Munarheim – Nacht und Stürme werden Licht

Munarheim – Nacht Und Stuerme Werden Licht

Bereits seit dem ersten Durchlauf von „Nacht und Stürme werden Licht“ frage ich mich, warum mir Munarheim nicht schon viel eher über den Weg gelaufen sind. Im Stillen ärgere ich mich ein wenig – um mich im gleichen Augenblick wie ein Schneekönig darüber zu freuen, nun diese wahrlich interessante und vor Abwechslung nur so sprühende Stilmixtur aus düsteren Black-Metal-Anleihen, folkischen Klängen, symphonisch-epischen Elementen und einem deutlich spürbaren Hauch von Klassik vernehmen zu können.

Es mag etwas vermessen klingen, aber in meinen Ohren bewegt sich die achtköpfige Truppe von Munarheim nahe an der Perfektion. „Nacht und Stürme werden Licht“ ist von der ersten bis zur letzten Spielminute mitreißend. Und nicht nur das: Die Mixtur aus den verschiedenen Stilelementen passt nahtlos ineinander. Hier vermengen sich verträumte Melodien mit genau der richtigen Portion stimmlicher Härte. Und in keinem Moment wirken die folklorischen Elemente störend oder unpassend, sondern im Gegenteil immer auf den Punkt platziert und auf die jeweilige Stimmung angepasst. Hätte ich Speichel in den Ohren, mir würde dort das Wasser zusammenlaufen – das Ganze auf Ohrenschmalz zu übertragen klingt dann aber doch etwas ekelig…

Steffen Groot von Metal.de bringt es so perfekt auf den Punkt, dass ich nicht umherkomme ihn zu zitieren: „Eine epische Mischung, die vom ersten Song an zum Träumen, Mitwippen und Waldwanderungen einlädt, um immer wieder mal aufzuspringen und die Luftgitarre zu malträtieren.“ Besser hätte ich es auch nicht ausdrücken können.

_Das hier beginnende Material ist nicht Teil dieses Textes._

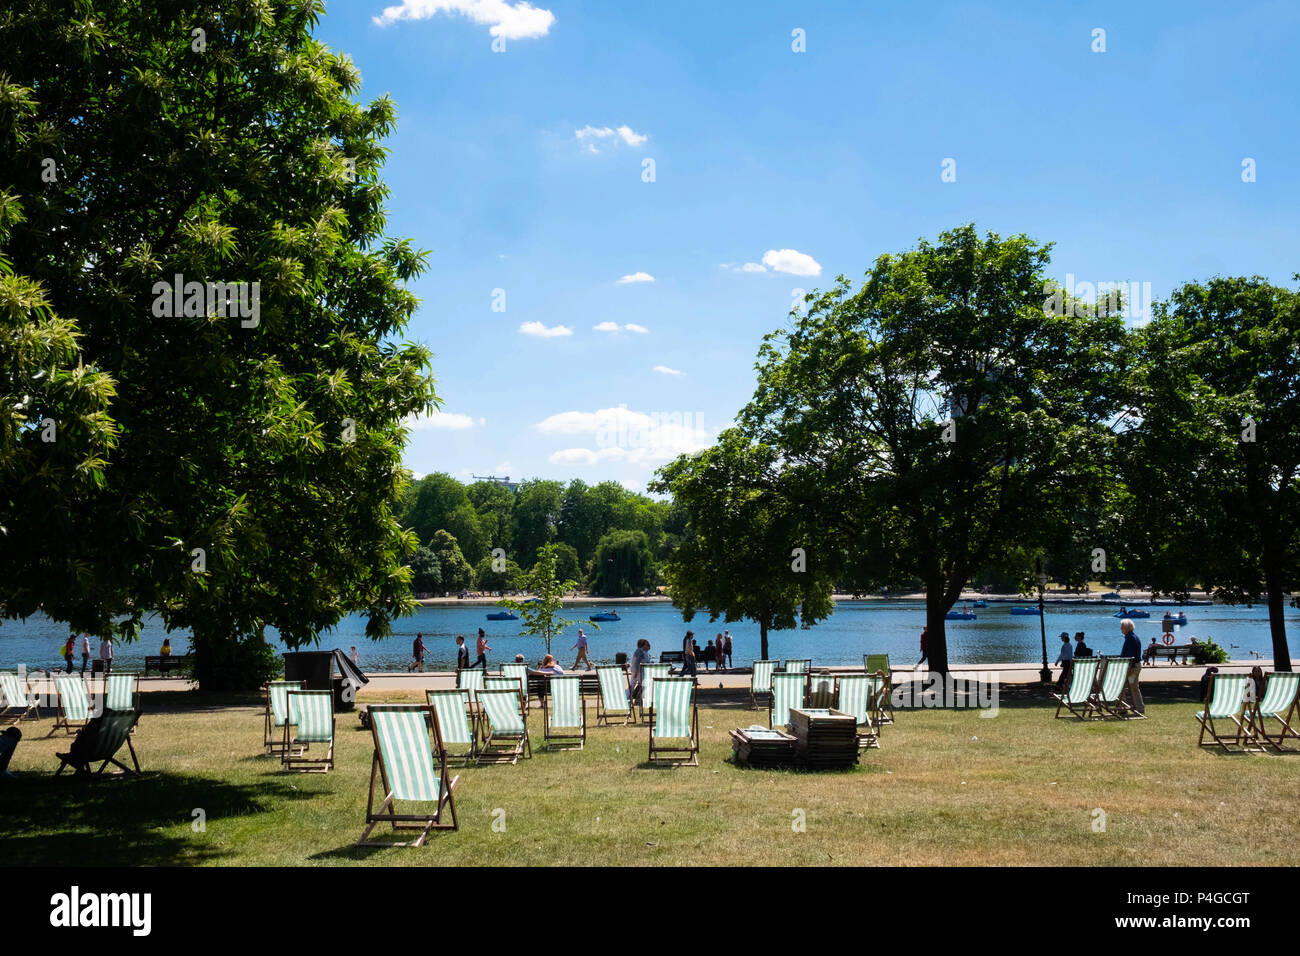 London, England. 22nd June 2018. The deckchairs are out in Hyde Park. This sunny weather is said to continue for the next few days. ©Tim Ring/Alamy Live News Stock Photo

Eines wird bereits im Intro des Albums deutlich: Munarheim haben sich stark von Dornenreich inspirieren lassen, das ist unbestreitbar. Nicht nur, dass mich besagtes Intro an das wundervoll märchenhafte Album „Hexenwind“ erinnert; in den restlichen zwölf Stücken schwingt der Dornenreich-Stil ebenfalls unüberhörbar mit. Aber nicht nur der ist spürbar. Die Fröhlichkeit, der Optimismus (wenn auch nicht jeder Song ein positives Thema behandelt) und die Lebensfreude, die auf „Nacht und Stürme werden Licht“ vorherrschen, erinnern mich manches Mal an Die Apokalyptischen Reiter. Deutlich wird das besonders, wenn man die Texte des Albums betrachtet, die (bis auf wenige Ausnahmen) mit jeder ihrer Zeilen „Lebe!“ in die Welt hinausschreien.

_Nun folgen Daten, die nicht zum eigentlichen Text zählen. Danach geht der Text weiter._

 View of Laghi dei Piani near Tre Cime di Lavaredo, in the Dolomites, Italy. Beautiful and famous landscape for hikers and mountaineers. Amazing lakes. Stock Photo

Schließ die Augen, atme tief ein! […] Reißt alle Mauern in euren Köpfen ein! Werde du selbst, denn nur selbst kannst du sein!
— Munarheim, Liberté

Die Krone setzen Munarheim ihrem Werk mit der Neuvertonung von Americas „The Last Unicorn“ auf – dem Titelsong eines meiner absoluten Lieblingsfilme. Was die Krone zugegebenermaßen etwas relativiert, wenn man weder Song noch Film mag. Ich finde hingegen, dass er hier wie die Faust aufs Auge passt.

Einen Anspieltipp auf diesem extrem vielseitigen Album zu finden ist ziemlich schwierig. Aus diesem Grund versuche ist es erst gar nicht. Deshalb einfach CD einlegen, bequem zurücklehnen und den Klängen von „Nacht und Stürme werden Licht“ lauschen.